III.6.1 Pemeriksaan Klinis
Anamnesis tinea korporis akan ditemukan keluhan ruam yang gatal di badan, mengenai kulit berambut halus (jaringan kulit glabrosa), keluhan gatal terutama bila berkeringat. Pada pemeriksaan fisik, secara klinis tampak lesi berbatas tegas, polisiklik, tepi aktif karena tanda radang lebih jelas, dan polimorfi yang terdiri atas eritema, skuama, dan kadang papul dan vesikel di tepi, normal di tengah (central healing).4,16
III.6.2 Pemeriksaan Penunjang III.6.2.1 Pemeriksaan KOH
Metode dengan pemeriksaan sediaan langsung kerokan kulit. Pengambilan sampel terbaik di bagian tepi lesi aktif. Spesimen diteteskan larutan KOH 20% (dan dapat ditambahkan tinta parker blue black untuk visualisasi, spesifisitas dan sensitivitas yang lebih baik), ditutup dengan kaca preparat dan dipanaskan dengan api kecil untuk memfiksasi preparat. Sediaan kemudian diperiksan menggunakan mikroskop.1
Larutan KOH dan pemanasan dengan api kecil melunakkan keratin dan memperjelas dermatofita. Temuan pemeriksaan KOH akan tampak hifa panjang bersepta dan bercabang, dan/atau artrospora. 1
Gambar 2.1 Pemeriksaan KOH menunjukkan hifa panjang bersepta dan bercabang.
III.6.2.2 Kultur
Metode dengan medium agar Sabouraud, terbuat dari 4% peptone, 1% agar glukosa, dan air. Hasil kultur terbaik menggunakan Modified Sabouraud medium, dengan penambahan kloramfenikol, cycloheximide, dan gentamicin. Medium agar ini memfasilitasi pertumbuhan dermatofita, dan menghambat pertumbuhan bakteri yang dapat merancukan hasil kultur. 1,4
Teknik pengambilan pada suhu 28 oC selama 1-4 minggu.Temuan pemeriksaan kultur akan tampak morfologi mikroskopis makrokonidia dan mikrokonidia, dengan karakteristik topografi dan pigmentasi yang tampak pada hasil kultur. Kultur tidak harus selalu dikerjakan kecuali pada tinea unguium. Karakteristik mikroskopis dermatofita terangkum sebagai berikut:1
Genus Trichophyton: mikrokonidia berdinding halus, makrokonidia non-diagnostik.

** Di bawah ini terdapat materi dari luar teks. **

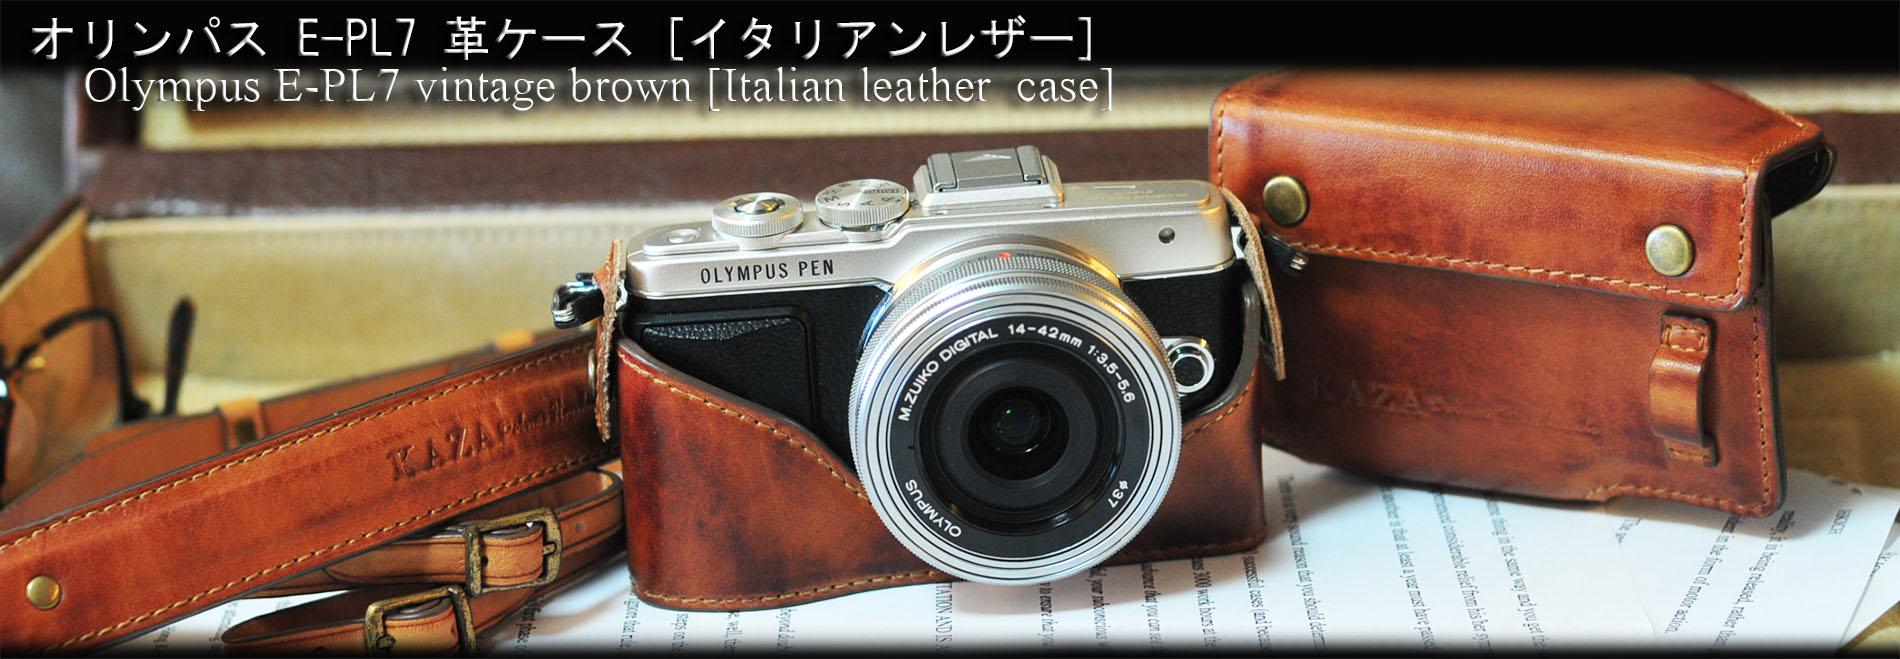 Olympus E-PL7 相機皮套 Leather case オリンパスE-PL7 カメラケース by KAZA

Genus Microsporum: mikrokonidia non-diagnostik, makrokonidia berdinding kasar.
Genus Epidermophyton: mikrokonidia absen, makrokonidia berdinding halus.
III.6.2.3 Dermatophyte test medium
Metode dengan pemeriksaan sediaan kerokan kulit yang diambil dari bagian tepi lesi aktif.
Medium ini mengandung indikator pH (tingkat keasaman) phenol red. Dermatofita menggunakan protein yang menimbulkan ion ammonium berlebih yang menghasilkan lingkungan basa (alkaline). Inkubasi pada suhu ruangan selama 5-14 hari akan menghasilkan perubahan warna medium dari kuning menjadi merah cerah jika terdapat dermatofita yang mengubah lingkungan
Gambar 2.2 Dermatophyte Test Medium menunjukkan hasil positif pada vial tengah dan kanan.
Vial kiri tidak digunakan. 17
III.6.2.4 Histopatologi
Pemeriksaan histopatologi tidak rutin dilakukan pada kasus dermatofitosis. Pemeriksaan histopatologi diambil dari jaringan kulit yang terinfeksi dengan metode biopsi kulit (punch biopsy).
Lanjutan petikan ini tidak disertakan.